Cheever_ A Life - Blake Bailey [230]
When Susan announced—a year after Tuskegee—that she would spend the summer working for civil rights in Jackson, Mississippi, Cheever did not conceal his exasperation. “The children are home but Susie goes off to Mississippi next week to teach and be stoned,” he wrote Maxwell. “It will be miserable and dangerous.” He attributed her zeal to a “rampant” blood strain originating with such abolitionist forebears as his “great uncle Ebenezer” (Thomas Butler rather, who may or may not have been persecuted by copperheads in Newbury-port). In fact, his feelings on this point were even more tortured than usual. At night he lay awake sensing Susan was in danger, and wondering whether he should brave a trip south (“with my numerous phobias”) and charm the local peckerwoods while absconding with his daughter—who soon phoned, in any case, asking for $350 in emergency funds, which Cheever promptly wired from White Plains. Likewise, when Ben went off to Antioch College in 1967, and did a few de rigueur days in the Cincinnati jail because of his part in an antiwar protest, Cheever was “proud of him” and managed to persuade the Western Union office to stay open late while he raised nine hundred dollars in cash for bail. Later, he claimed to have refused an invitation to give a speech in Cincinnati (“I told them I would not make a potholder in the city that had arrested my eldest son”), but more often than not he found his children's posturing a bit much: “As for Ben he was reclassified i-A on Friday,” he wrote, shortly after the Cincinnati incident. “Susie was particularly incensed and wanted to send him to Stockholm on the next plane. … I went to the draft board on Monday where the reclassification was declared a clerical error. Ben goes his feckless way.”
The times were changing at such a rapid rate, though, that even Cheever's sixty-one-year-old brother was becoming part of the Scene. After two years of sobriety, Fred moved to Boulder, Colorado, in the fall of 1966 to be with his estranged wife and three of their children, who'd originally gone west to get away from him, but now found him delightful. Ann had scarcely known her father as a sober man, and was struck by how “knowledgeable and compassionate” he was: he liked to “rap” (his word) about the thriving counterculture in Boulder, and meanwhile he bought a motorcycle and dumped his wizened, chainsmoking wife for a thirty-five-year-old physicist named Sabine, for whose benefit he got monkey-gland injections.
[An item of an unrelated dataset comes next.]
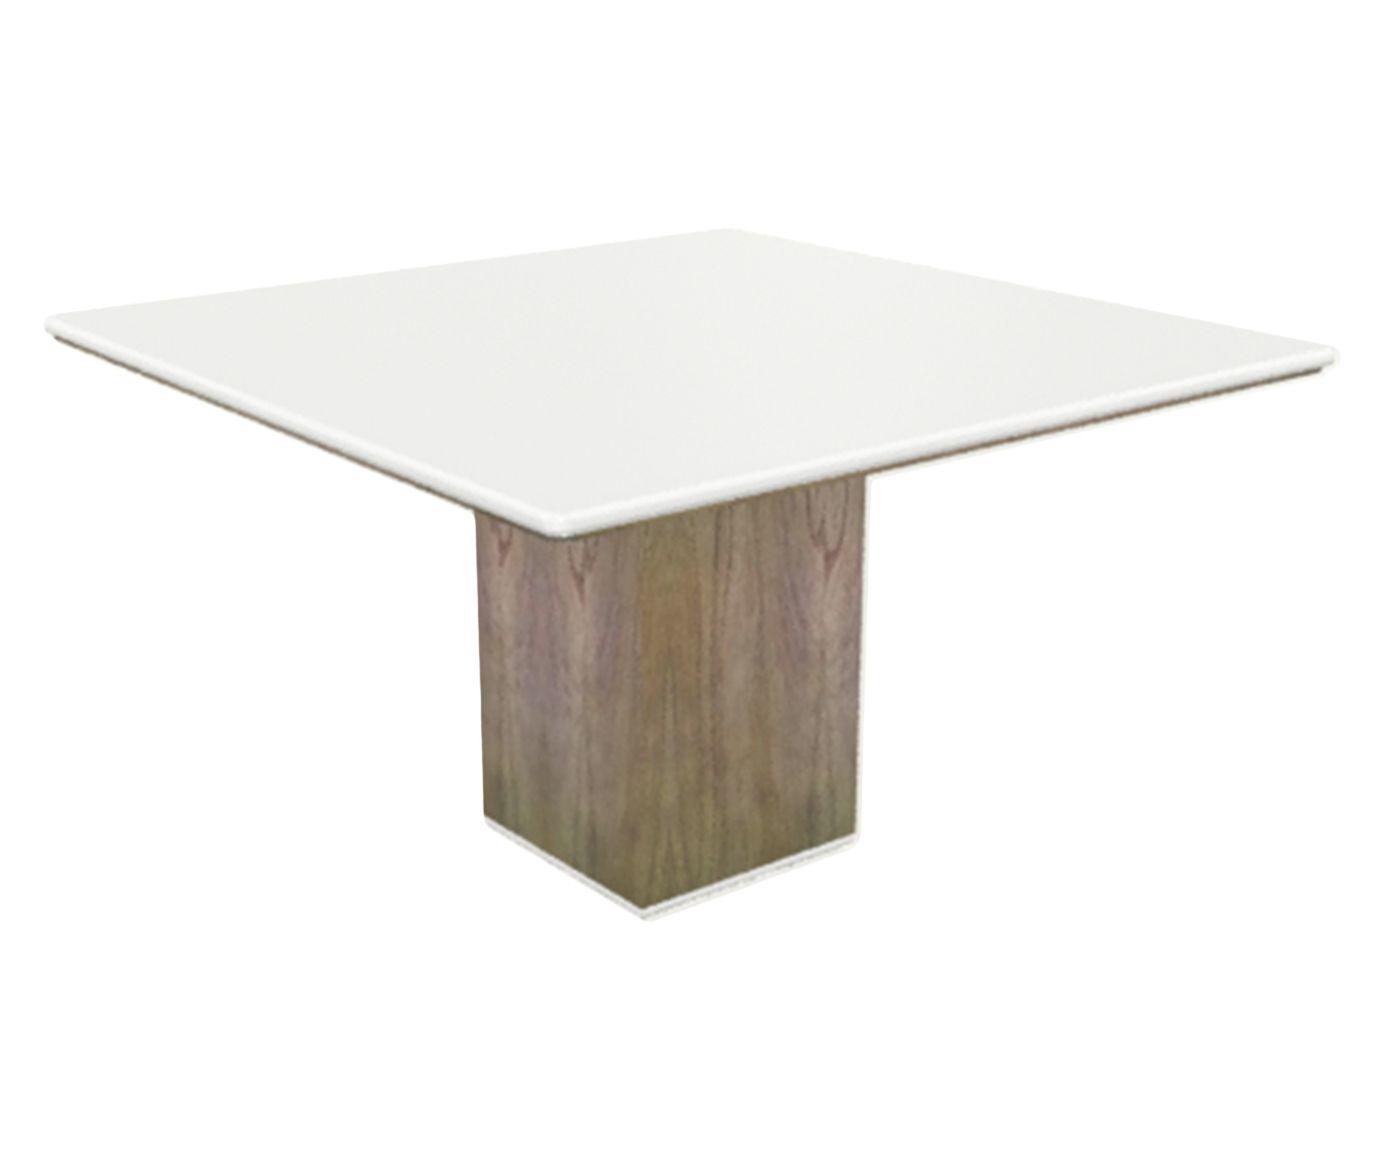 Mesa de Jantar Cananeia Branca - 100x100cm | Westwing.com.br
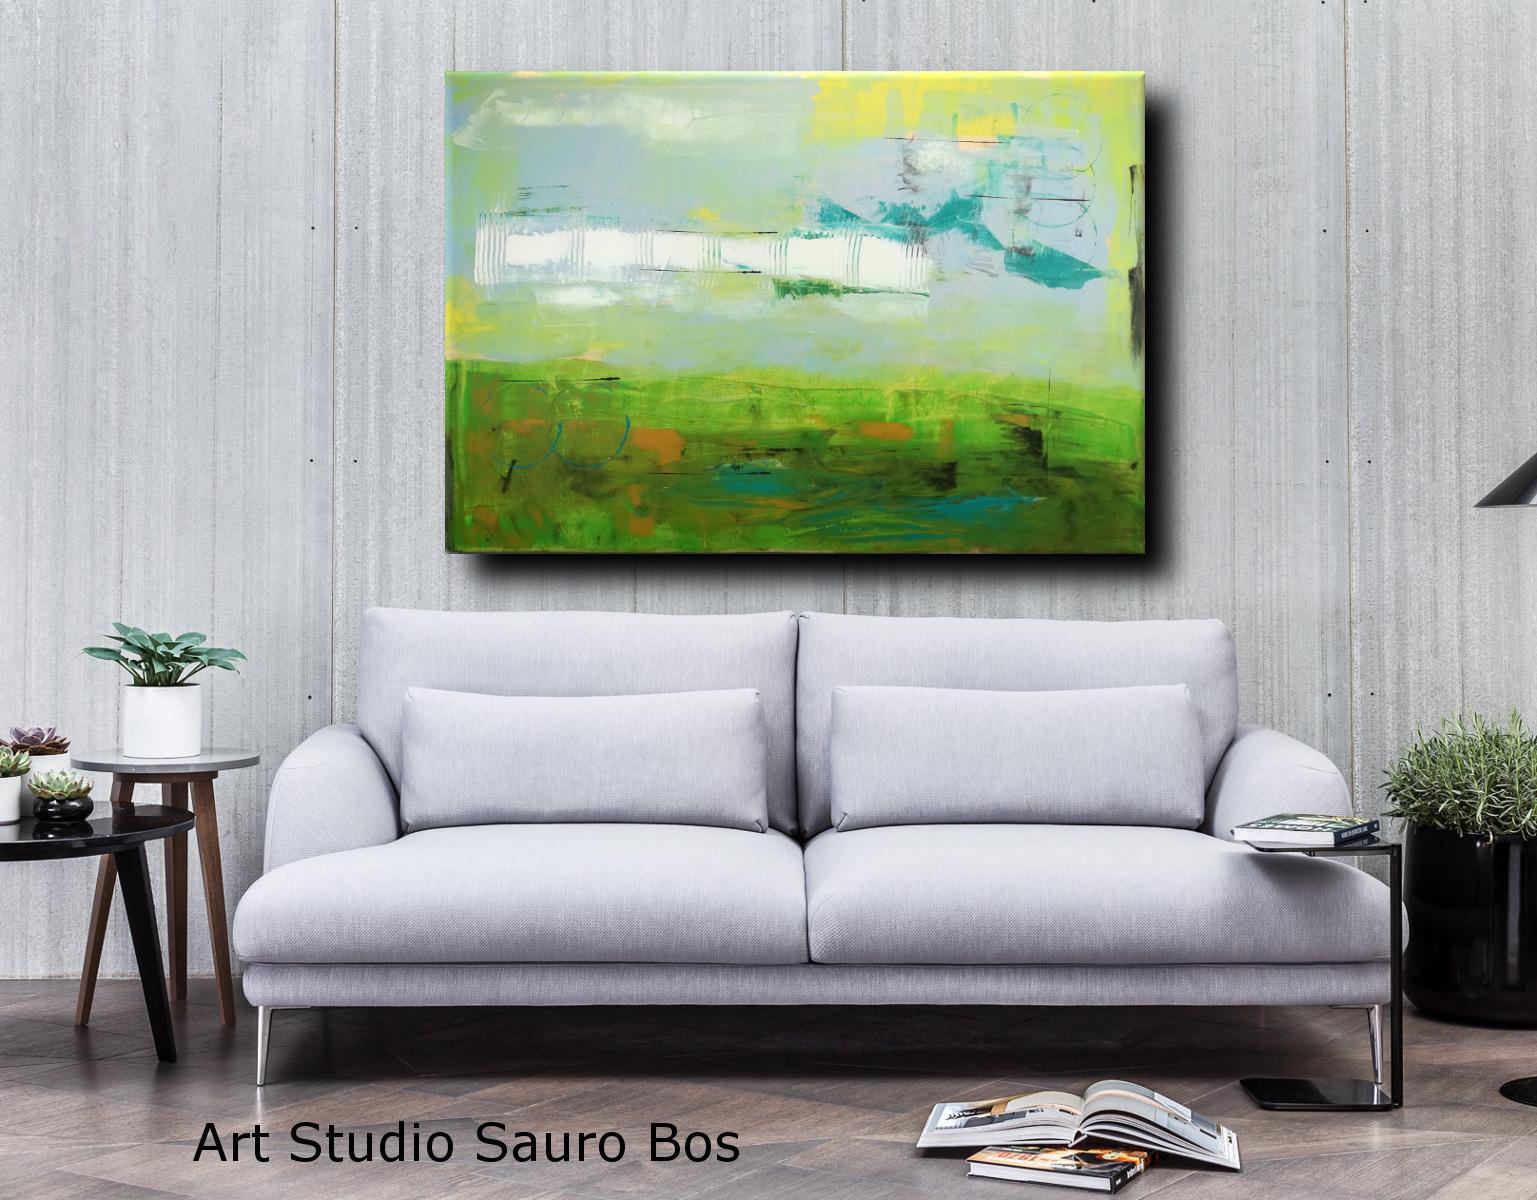 astratto forest 2 divbianco - quadri moderni per arredamento contemporaneo 120x80 verde

But the more things changed the more they stayed the same, at least in one respect: “Dear Joey,” Fred wrote, not long after his arrival in Boulder. “For no explainable reason except perhaps over-exertion in moving, my bad ankle has become a problem and for the past three weeks I haven't been able to walk on it.” He'd managed to keep his PR job at a local radio station, he said, but his salary had been halved until he could return to work, and therefore he wondered if John could “underwrite [his] next two months to the tune of $1,500 or $2,000,” which would allow him to feed himself and go on paying Ann's tuition.